During the meeting, neurovirologist Tricia Burdo of Temple University in Philadelphia, Pennsylvania described a first step: using the editor to remove at least part of the simian version of the AIDS virus, SIV, from the chromosomes of two monkeys. Previous work has shown that CRISPR could remove HIV immersed in the cells of mice designed to have immune systems similar to humans. In the new study, researchers infused a harmless adeno-associated virus that carries genes for targeted CRISPR molecular scissors into the veins of two SIV-infected monkeys. The monkeys were on ARV and had low levels of SIV.
Necropsies of treated animals showed that CRISPR had cut SIV DNA into the blood, spleen, lymph node and lung cells, apparently disabling the virus. CRISPR monkey blood could not infect white blood cells, while a control animal's blood could do so. The group also found Cas9 in all 14 tissues studied, suggesting that the administration virus had spread through the body as expected. "The data shows effects much more intense than those seen before, so this is a step in the right direction," says John Coffin, a retrovirologist at a branch of Tufts University in Boston.
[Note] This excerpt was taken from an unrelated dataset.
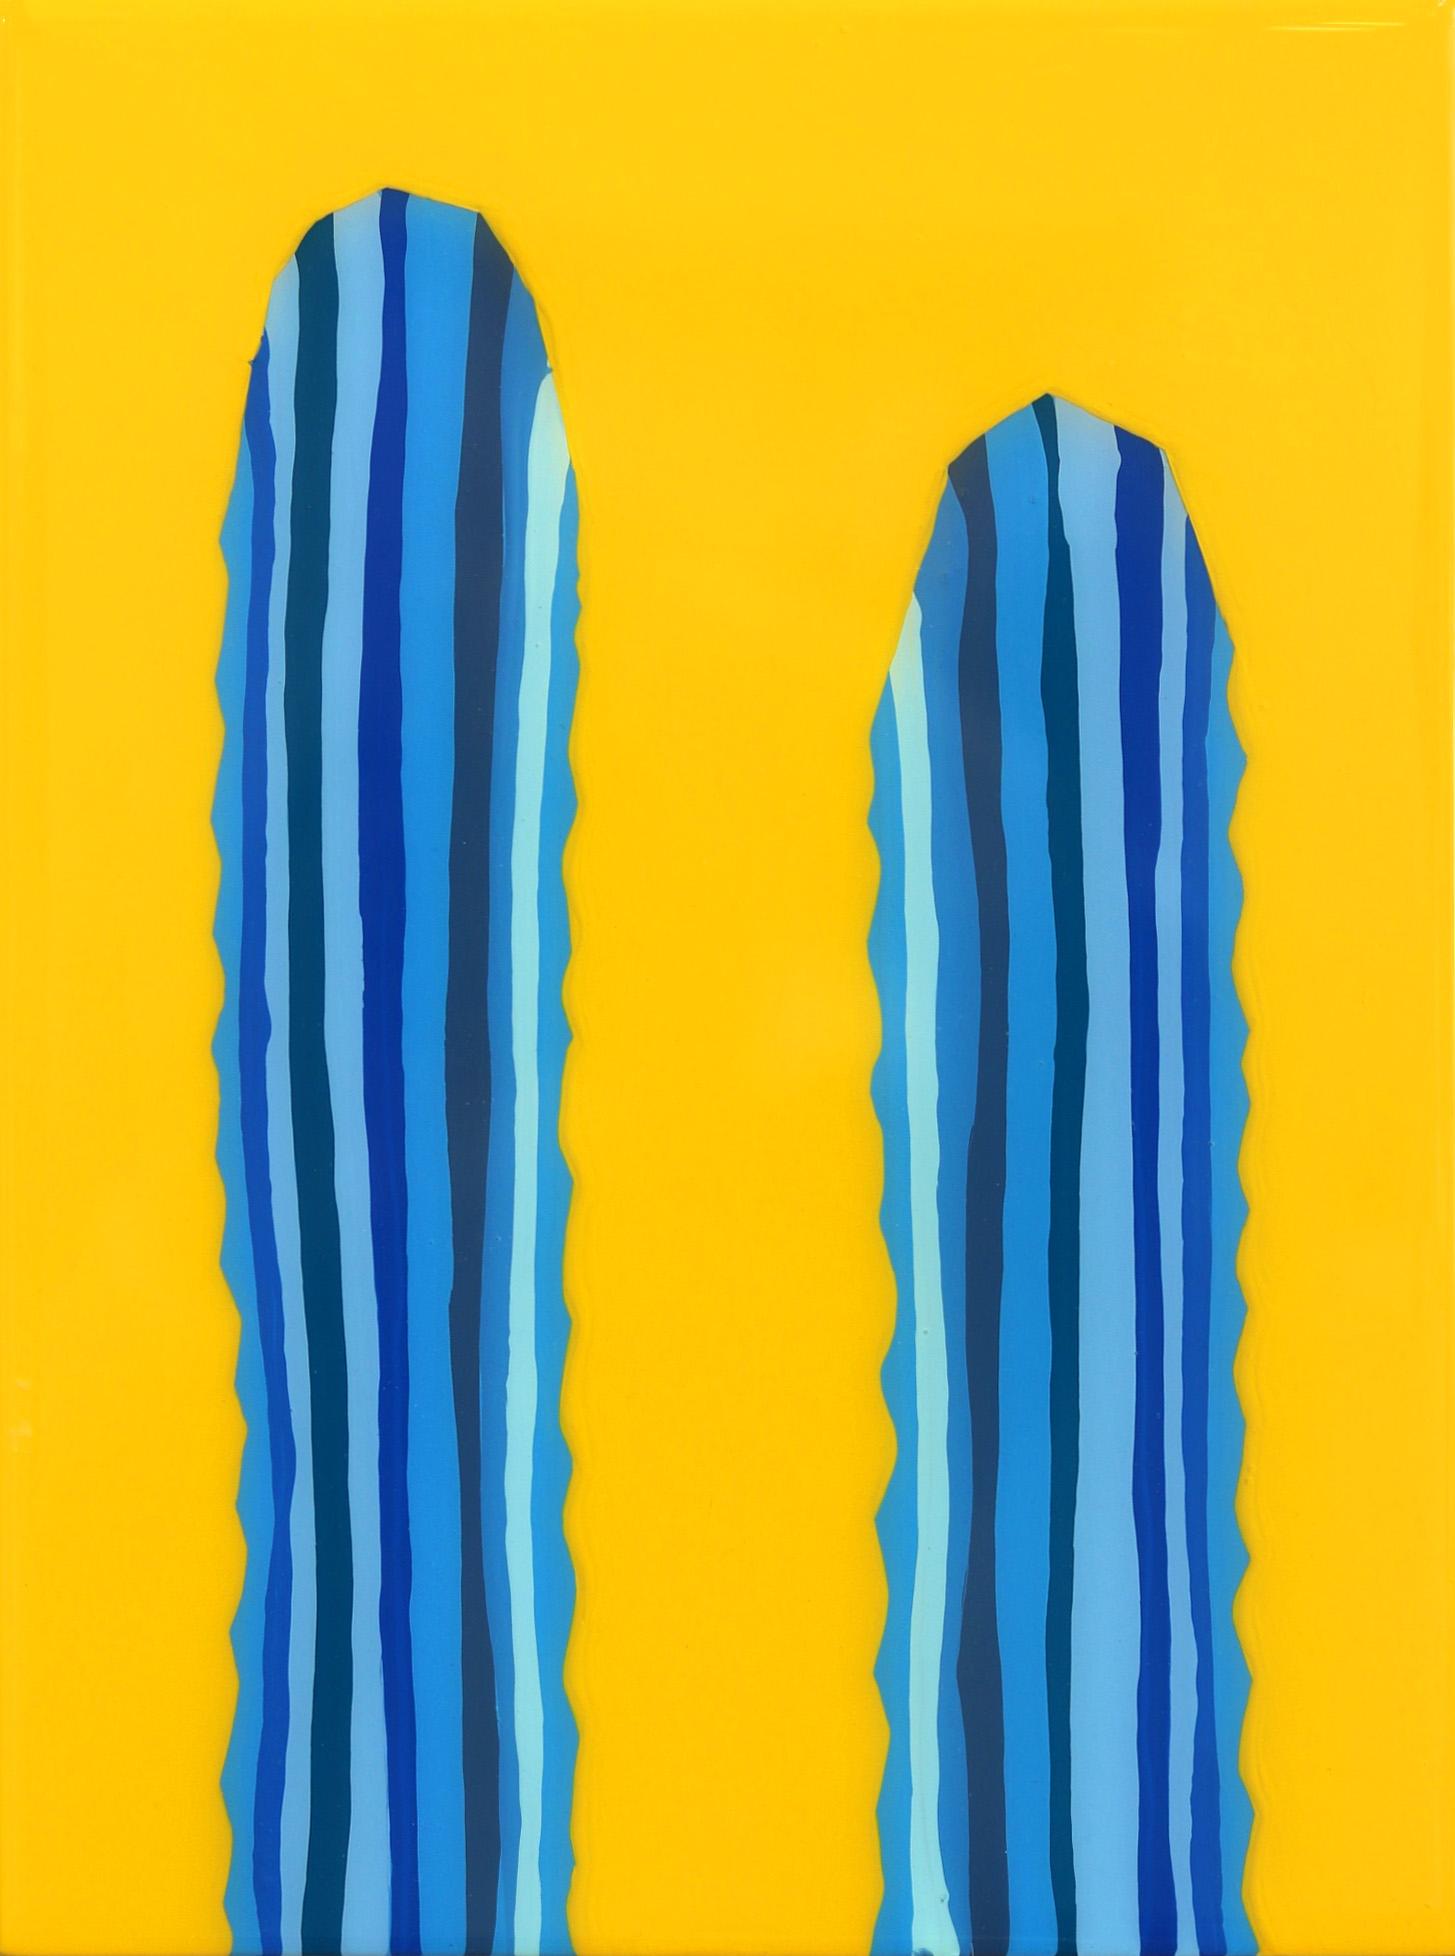 Peinture de cactus pop art d'inspiration sud-ouest, jaune et bleu vif
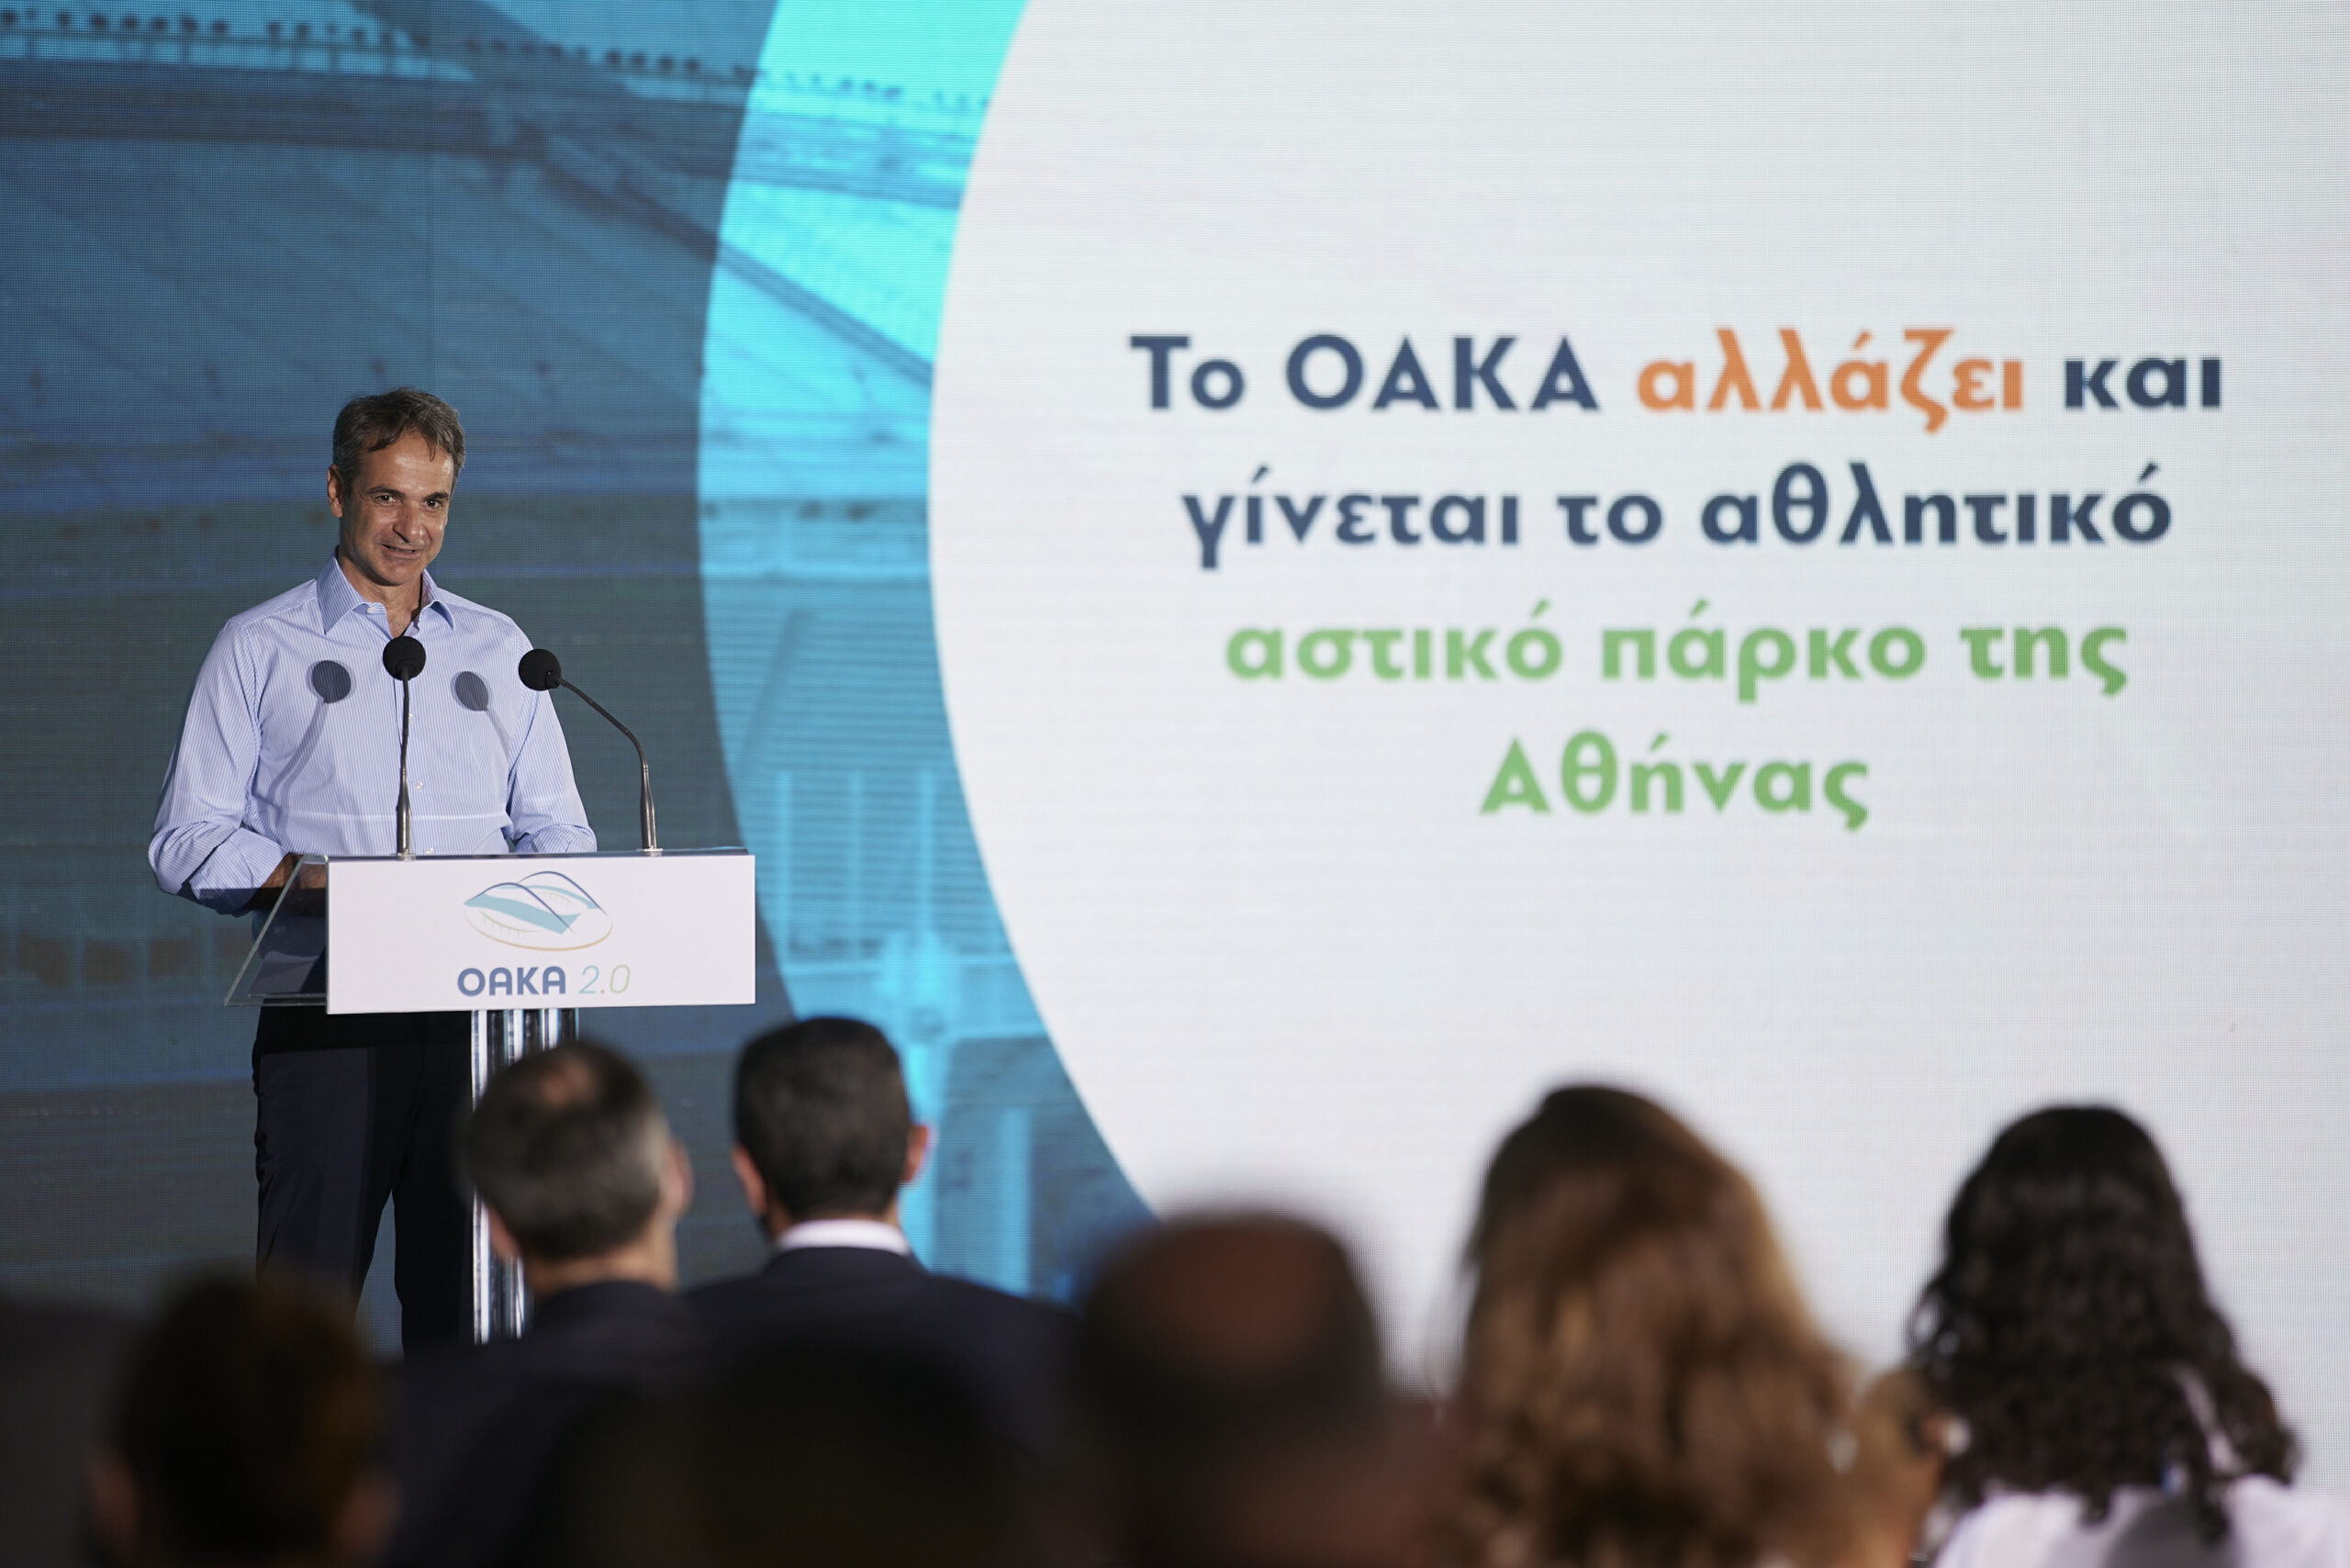 Κυρ. Μητσοτάκης: Το Ολυμπιακό Κέντρο μετατρέπεται σε Ολυμπιακό Πάρκο της Αθήνας

Burdo says that in a future experiment, you will take the monkeys treated with CRISPR from the ARVs to see if the virus is bounced. They also intend to transfer millions of blood cells from CRISPR-treated monkeys to uninfected animals, another sensitive way to determine if even traces of intact SIV remain hidden.
Burdo's collaborator, Temple University neurovirologist Kamel Khalili, hopes to develop a human version of this CRISPR gene therapy. Khalili says his company, Excision Bio Therapeutics of Philadelphia, is seeking approval to launch HIV excision tests with CRISPR in humans by the end of this year.
Some remain skeptical. CRISPR could never affect all HIV-infected cells. Douglas Richman, a virologist at the University of California, San Diego, notes that even a person who has an undetectable viral load can have up to 100 million cells that host HIV DNA. "The problem with all treatment interventions is that they have an impact on some cells," says Richman. "That still leaves a huge amount of viruses. And when you are eliminating something dangerous, you have to take them all."